We have been researching stuck zombie processes in our libvirt lxc
containers. What we found was:
1) Each zombie’s parent was pid 1. init which symlinks to systemd.
2) In some cases, the zombies were launched by systemd, in others the
zombie was inherited.
3) While the child is in the zombie state, the parent process (systemd)
/proc/1/status shows no pending signals.
4) Attaching gdb to systemd, there was 1 thread and it was waiting in
write() and the file being written was /dev/console.
This write() to the console never returns. We operated under the
assumption that systemd's SIGCHLD handler sets a bit and a foreground
thread (the only thread) would see that child processes needed reaping.
While the single thread is stuck in write(), the reaping never takes
place.
So why is write() blocking? The answer seems to be that there is
nothing draining the console and eventually it blocks write() when its
buffers become full. When we attached to the container's console, the
buffer is cleared allowing systemd’s write() to return. The zombies are
then reaped and everything goes back to normal.

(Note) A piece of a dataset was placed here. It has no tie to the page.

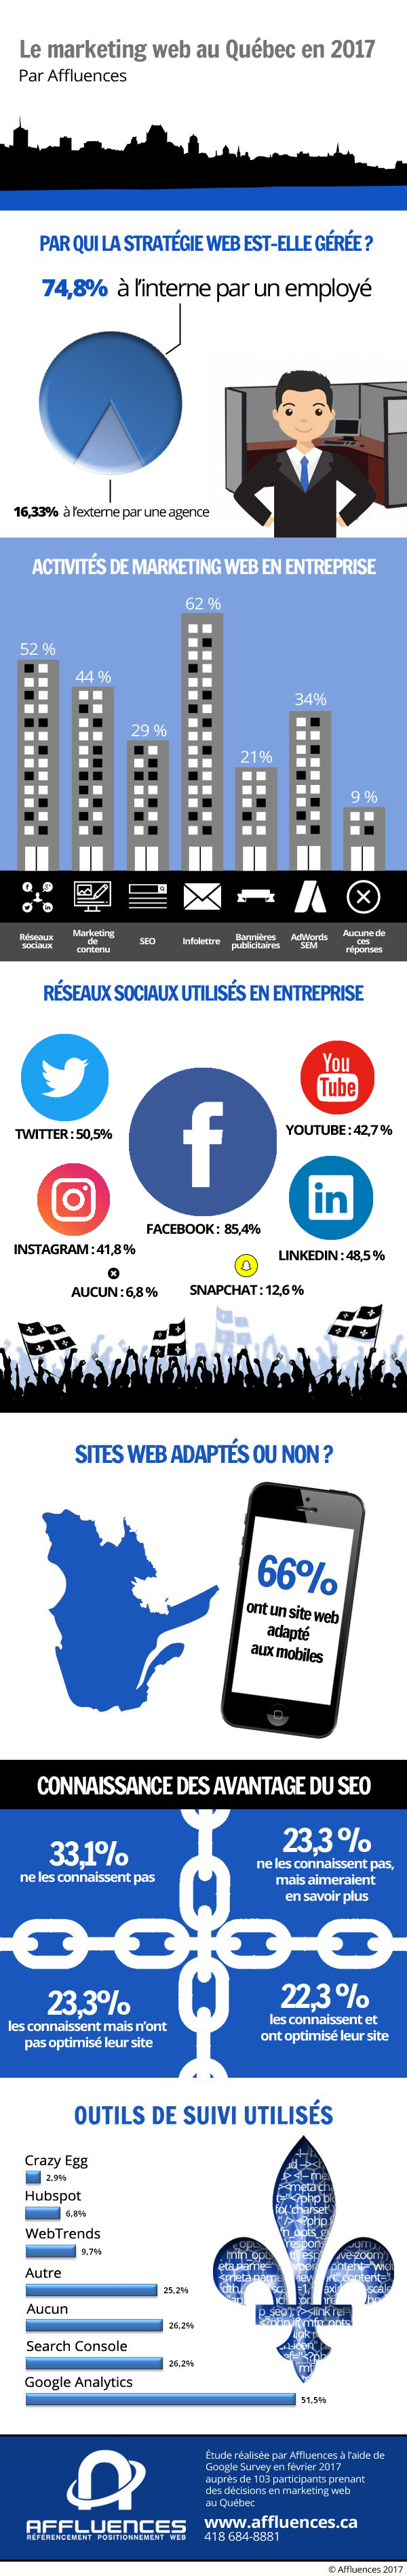 infographie-marketing-web-québec-2017

Our “solution” was more of a workaround. systemd was altered to log
errors/warnings/etc to /dev/null instead of /dev/console. This
prevented the problem, only in that the console buffer was unlikely to
get filled up since systemd generally is the only then that writes to
it. This is definitely a hack though.
This may be a bug in the libvirt container library (you can't expect
something to periodically connect to a container's console to empty it
out). We suspect there may also be a configuration issue in our
containers with regards to the console.
Has anyone else observed this problem?